# Mice in the house



## Isa (Aug 21, 2008)

Unfortunatly, my boyfriend is pretty sure we have mice in the house. I am really scared because I dont want them to hurt my Hermy so from now on, I will keep her door closed. I dont want the mice to suffer so I dont want my boyfriend to put traps or poison. I heard of a product that produces a sound that scares the mice(humans do not hear it), my question is does anybody know if Hermy could hear the sound?

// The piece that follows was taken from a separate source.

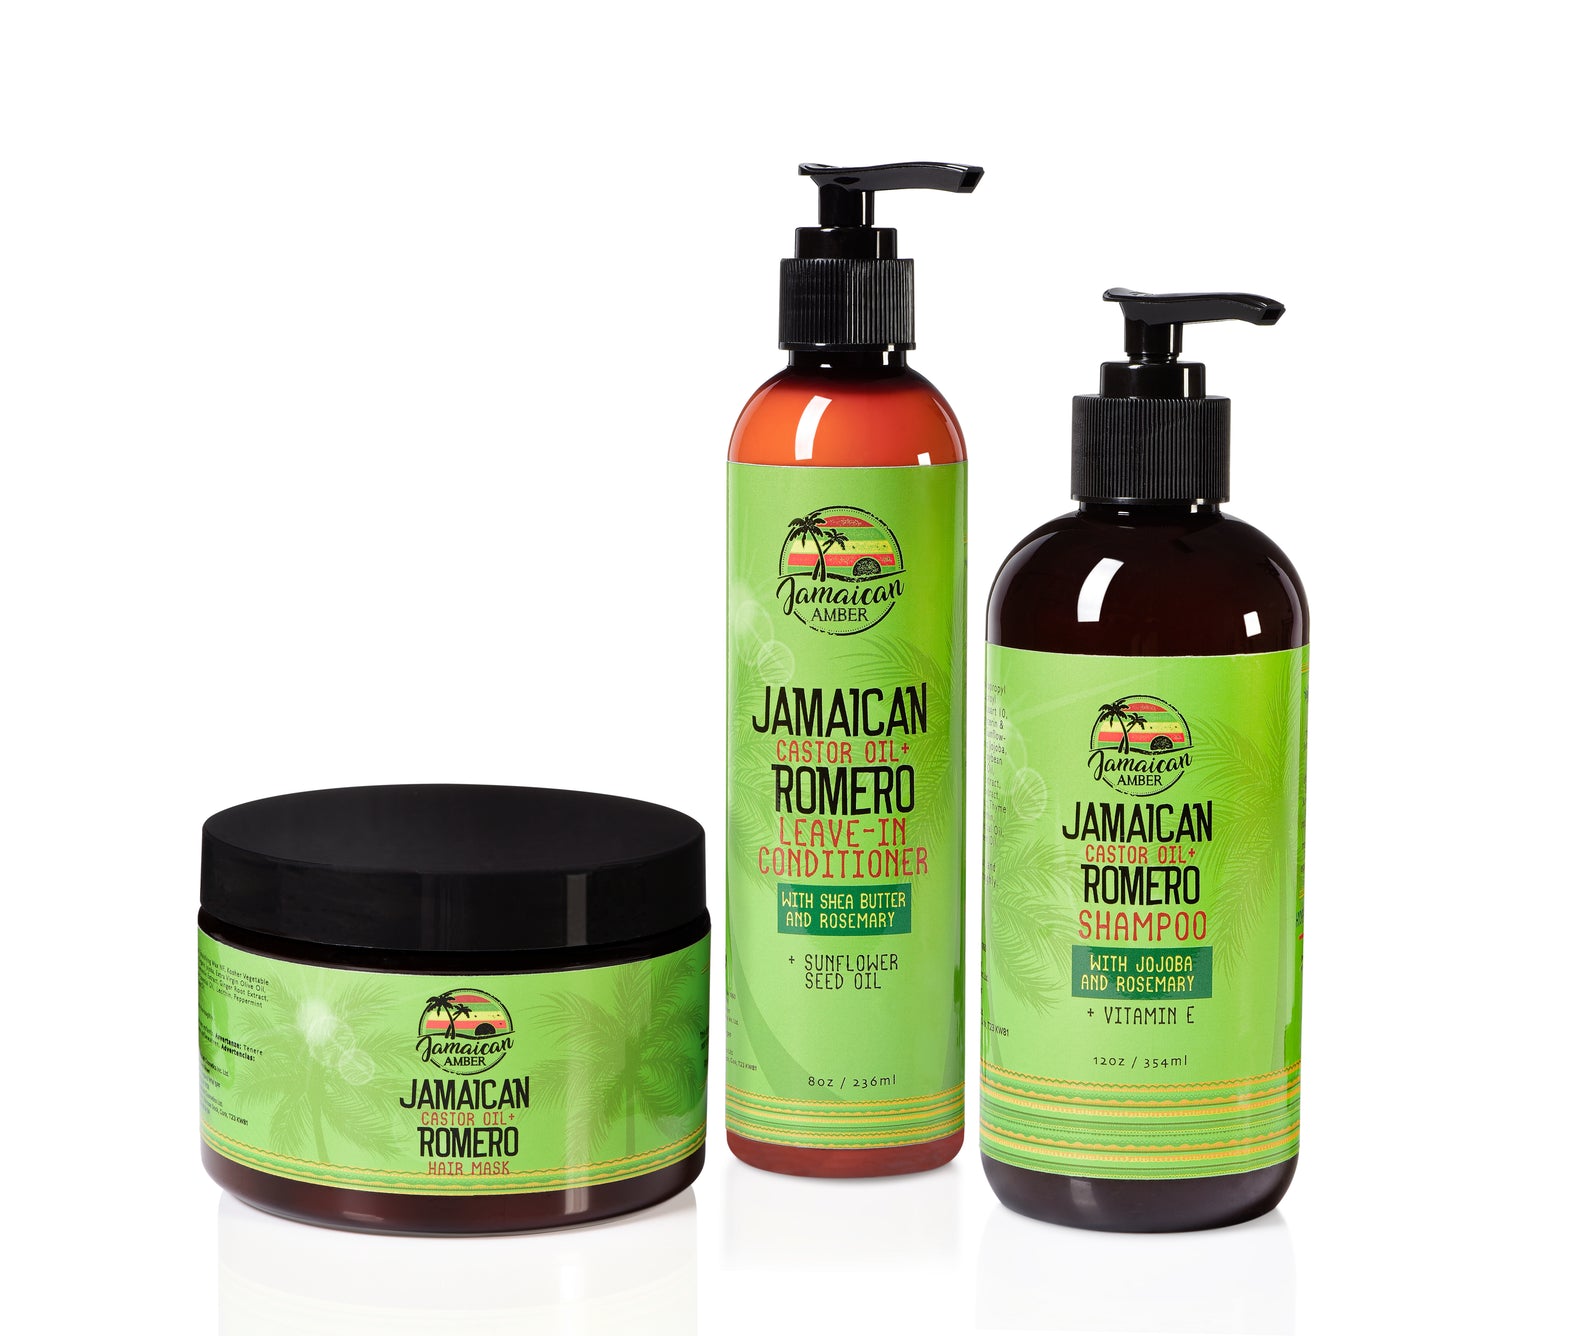 Jamaican Romero Hair Maintenance Kit Mitchell Brands - Mitchell Brands - Skin Lightening, Skin Brightening, Fade Dark Spots, Shea Butter, Hair Growth Products

If someone has an idea to how get rid of mice, please let me know.


----------



## Crazy1 (Aug 21, 2008)

Sorry Isa, I can't be of much help. My dogs keep mice away and what they don't the neighborhood cats do. I know they do have humane traps that allow you to trap mice then take them far away and let them go. Perhaps you can get some of those I saw them online, can't remember where. Good luck .


----------



## bacaraj (Aug 22, 2008)

You can purchase no kill traps for mice they have a swing arm that lets them get in but not escape then you can take them somewhere and let them loose.


----------



## Isa (Aug 22, 2008)

Thanks for your answers.

I wish I could have a dog or a cat but I am allergic 

Could they hurt my Hermy? We will go shopping tomorrow.


----------



## Josh (Aug 23, 2008)

i dont think a mouse would hurt your tortoise but it is possible that they would go into his enclosure to get at his food. the best solution is to get a cat but i think you'll do quite well with a no-kill trap since you are allergic


----------



## Isa (Aug 23, 2008)

josh said:


> i dont think a mouse would hurt your tortoise but it is possible that they would go into his enclosure to get at his food. the best solution is to get a cat but i think you'll do quite well with a no-kill trap since you are allergic



Thnaks Josh

I dont understand because where I live they dont sell no kill trap. So I tried a home made no kill trap yesterday night, it did not work. I will try again tonight. I am really happy to know that the mice can't hurt Hermy!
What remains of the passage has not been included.